Shared storage behaves differently than local storage in more than one way. Sure, it’s remote, and that has its own issues. But, the shared part is what I’m focusing on. Remember how I said it wasn’t a good idea to put your iSCSI on 10 GbE if it would take away from virtual machines? This is why. Sure, maybe, just maybe, your storage really can supply 20 Gbps of iSCSI data. But can it simultaneously supply 60 Gbps for 3 Hyper-V hosts that each have two 10GbE NICs using MPIO? If it can, do you really only have only three hosts accessing it? (if you answered “yes” and “yes”, most admins in the world are jealous) The point here is that the size of the pipe that a host has into your storage sets the upper limit on how that host can control — and potentially dominate — that storage system’s resources. Remember that it’s really tough to get a completely clear image of the way that storage performance is being consumed in a cluster when compared to a standalone system.

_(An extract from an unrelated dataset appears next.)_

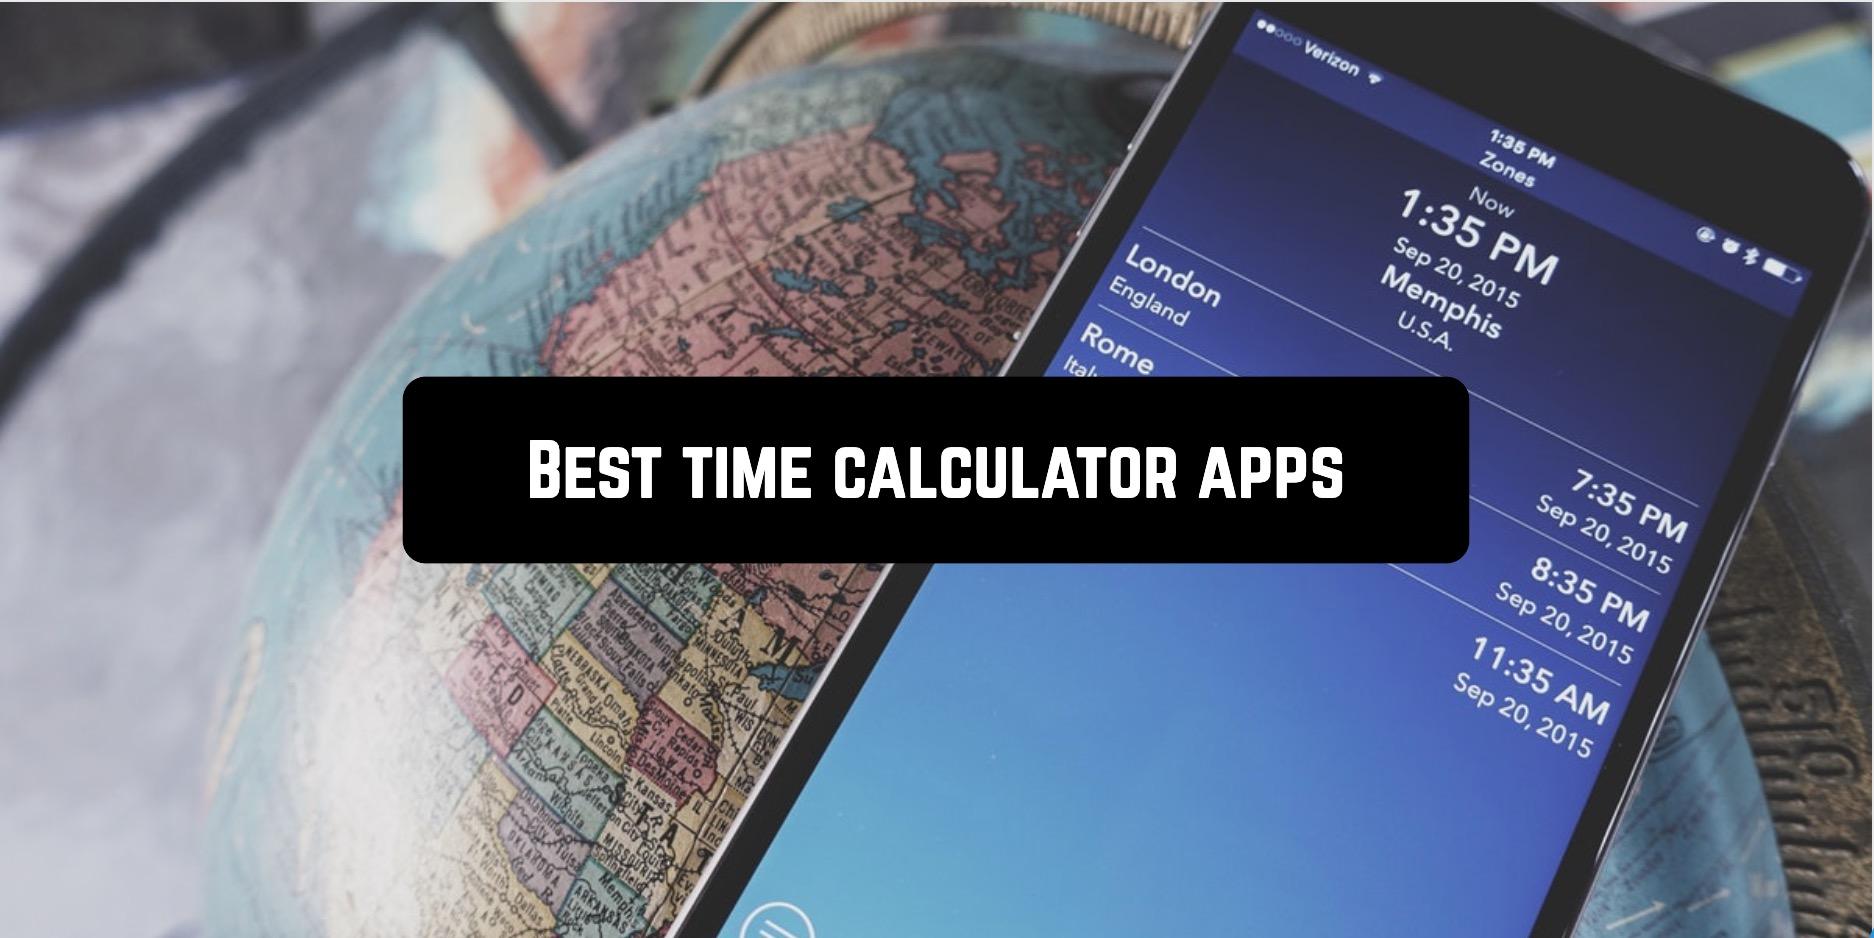 Best time calculator apps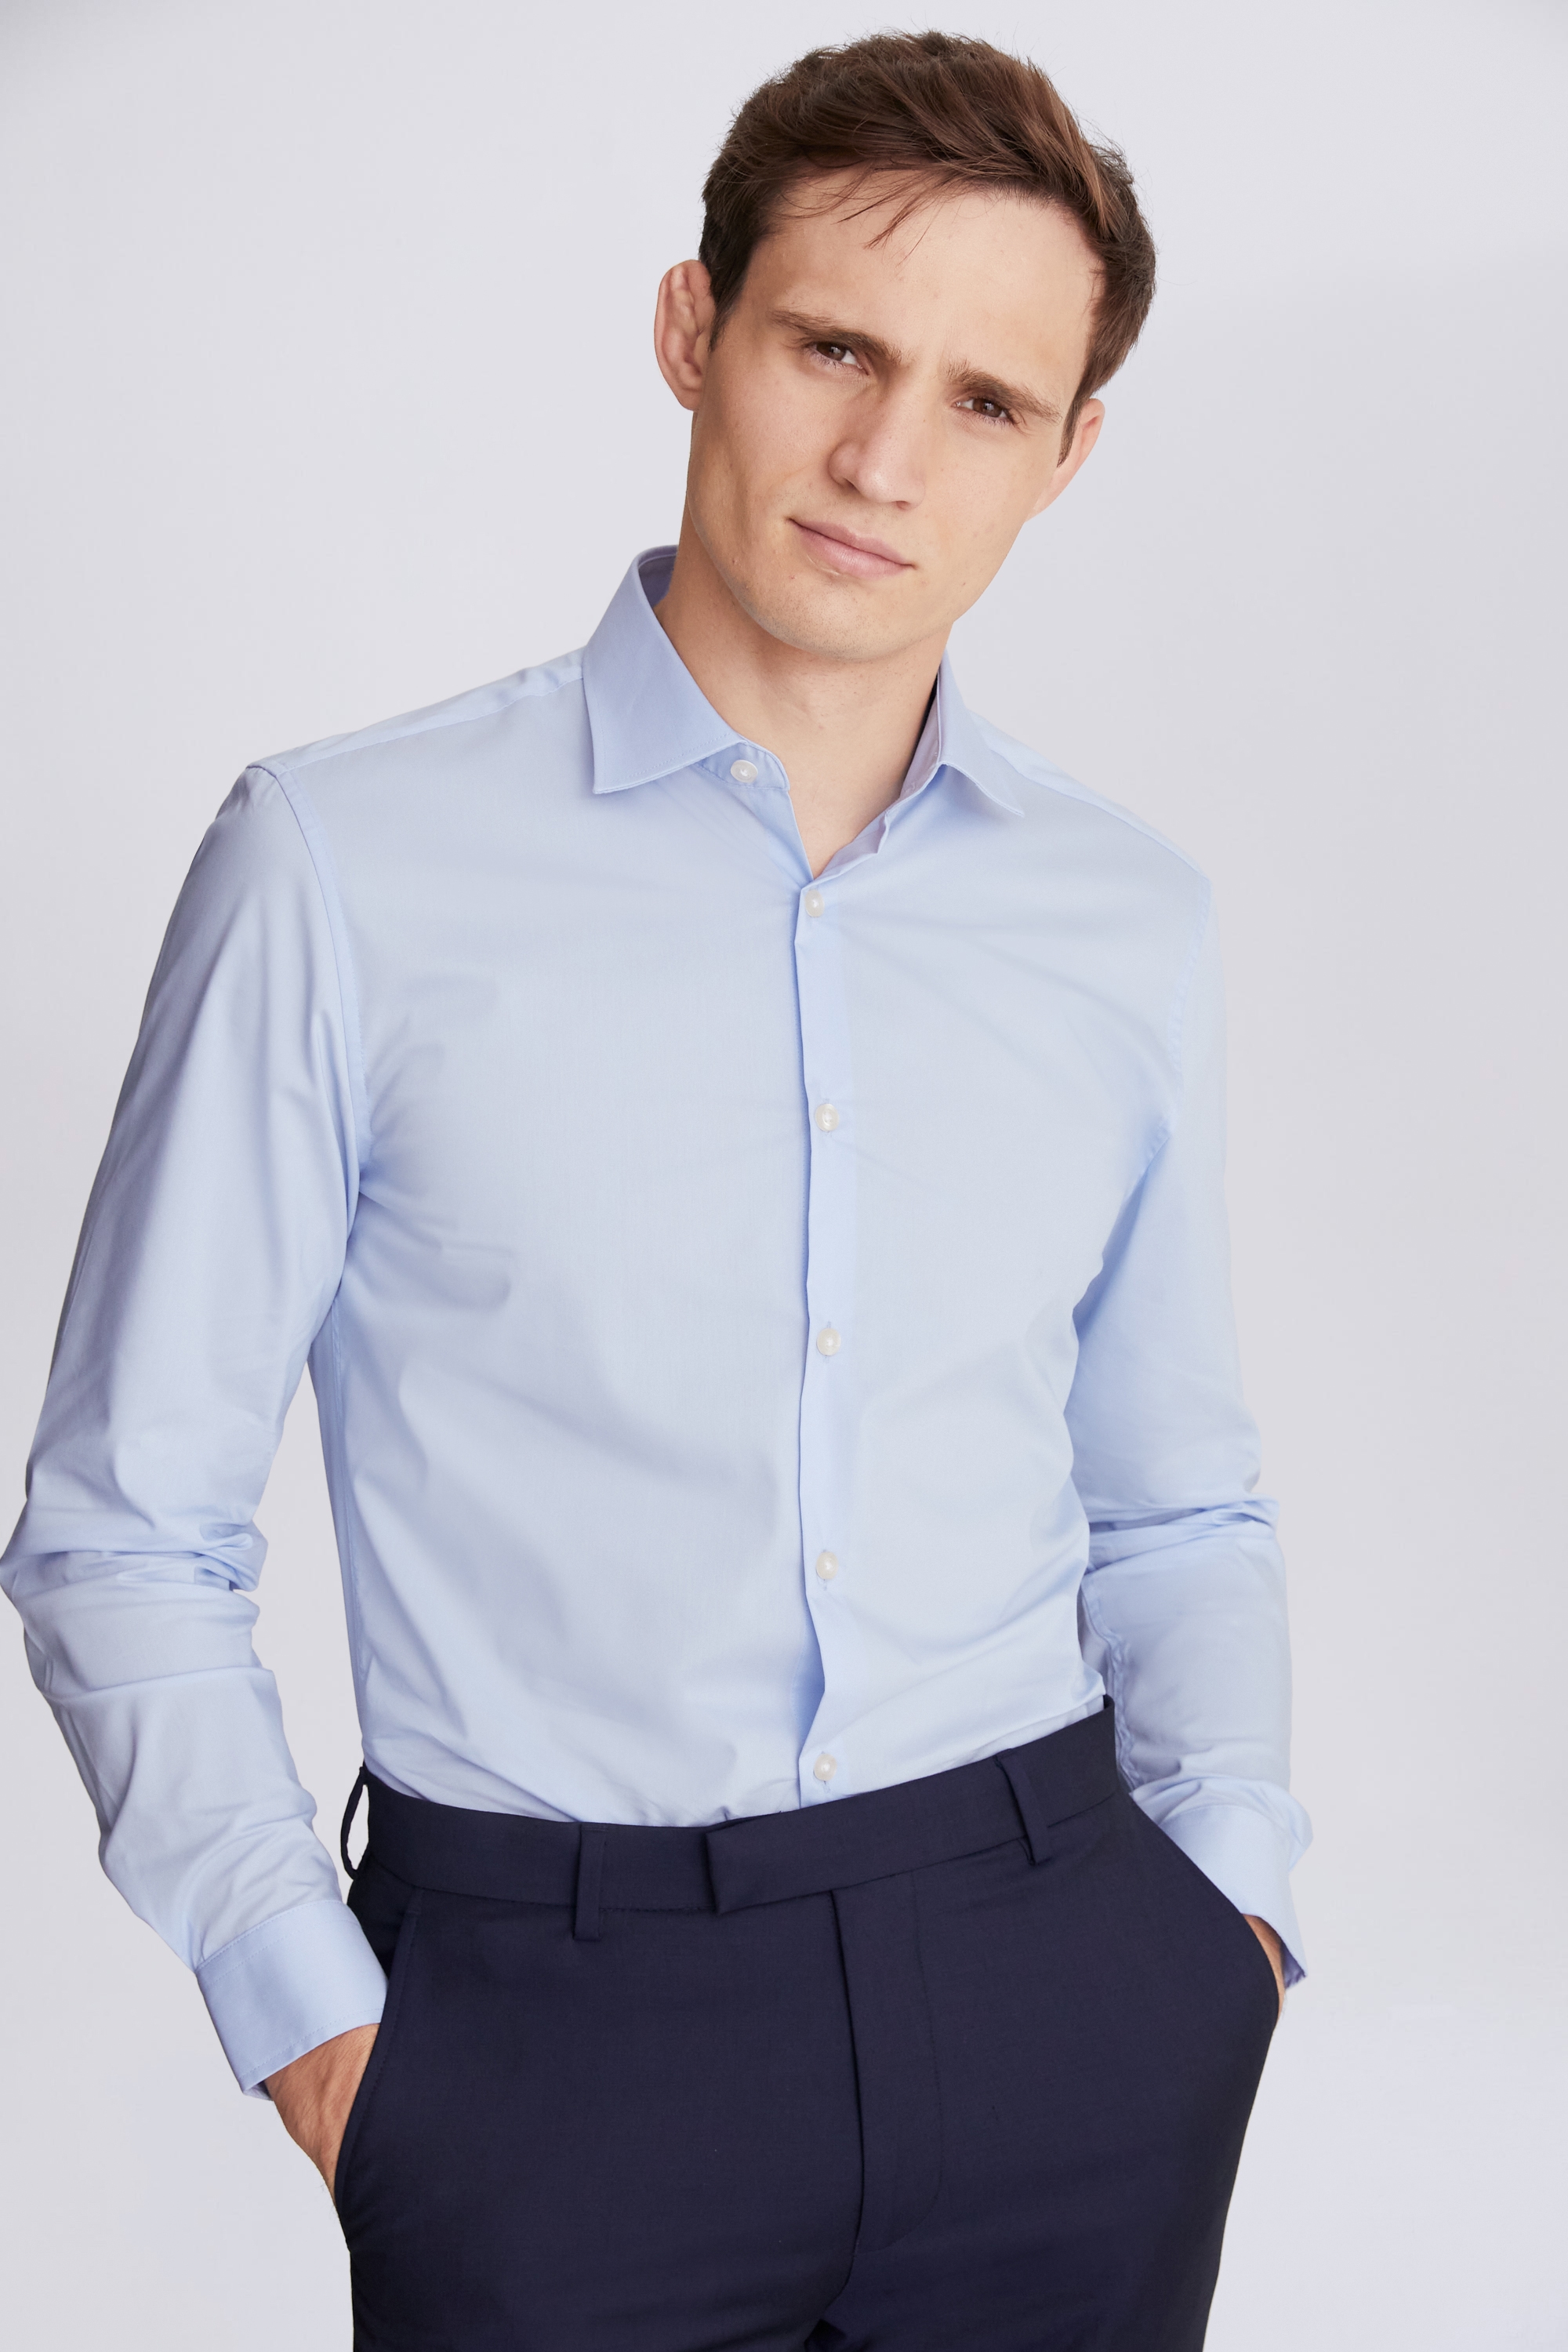 Slim Fit Sky Stretch Shirt | Buy Online at Moss

16. Do Not Cluster Virtual Machines that Don’t Need It
Don’t make your virtualized domain controllers into highly available virtual machines. The powers of Hyper-V and failover clustering pale in comparison to the native resiliency features of Active Directory. If you have any other application with similar powers, don’t make it HA via Hyper-V clustering either. Remember that you have to make licenses available everywhere that a VM might run anyway. If it provides better resiliency to just create a separate VM and configure application high availability, choose that route every time.
17. Don’t Put Non-HA Machines on Cluster Shared Volumes
Storage is a confusing thing and it seems like there are no right or wrong answers sometimes, but you do need to avoid placing any non-HA VMs on a CSV. Microsoft doesn’t support it and it will cause VMM to panic. Things can get a little “off” when the node that owns the CSV isn’t the node that owns the non-HA virtual machine placed on it. It’s also confusing when you’re looking at a CSV and see more virtual machine files than you can account for in Failover Cluster Manager. Use internal space, singularly attached LUNs, or SMB 3 storage for non-HA VMs.
18. Minimize the Use of non-HA VMs in a Cluster
Any time you use a non-HA VM on a clustered host, make sure that it’s documented and preferably noted right on the VM. This helps eliminate confusion later. Some helpful new admin might think you overlooked something and HA the VM for you, even though you had a really good reason not to do so. I’m not saying “never”; I do it myself in my system for my virtualized domain controllers. But, if I had extra stand-alone Hyper-V hosts, that’s where I’d put my non-HA VMs.
19. Ask Somebody
If you don’t know, start with your favorite search engine. The wheels for both Hyper-V and failover clustering are very round, and there are lots of people that have written out lots of material on both subjects.
If that fails (and please, only if that fails), ask somebody. My favorite place is the TechNet forums, but that’s only one of many. However, on behalf of myself and everyone else who writes publicly, please don’t try to contact an individual directly. There’s a reason that companies charge for support; it’s time-consuming and we’re all busy people. Try a community first.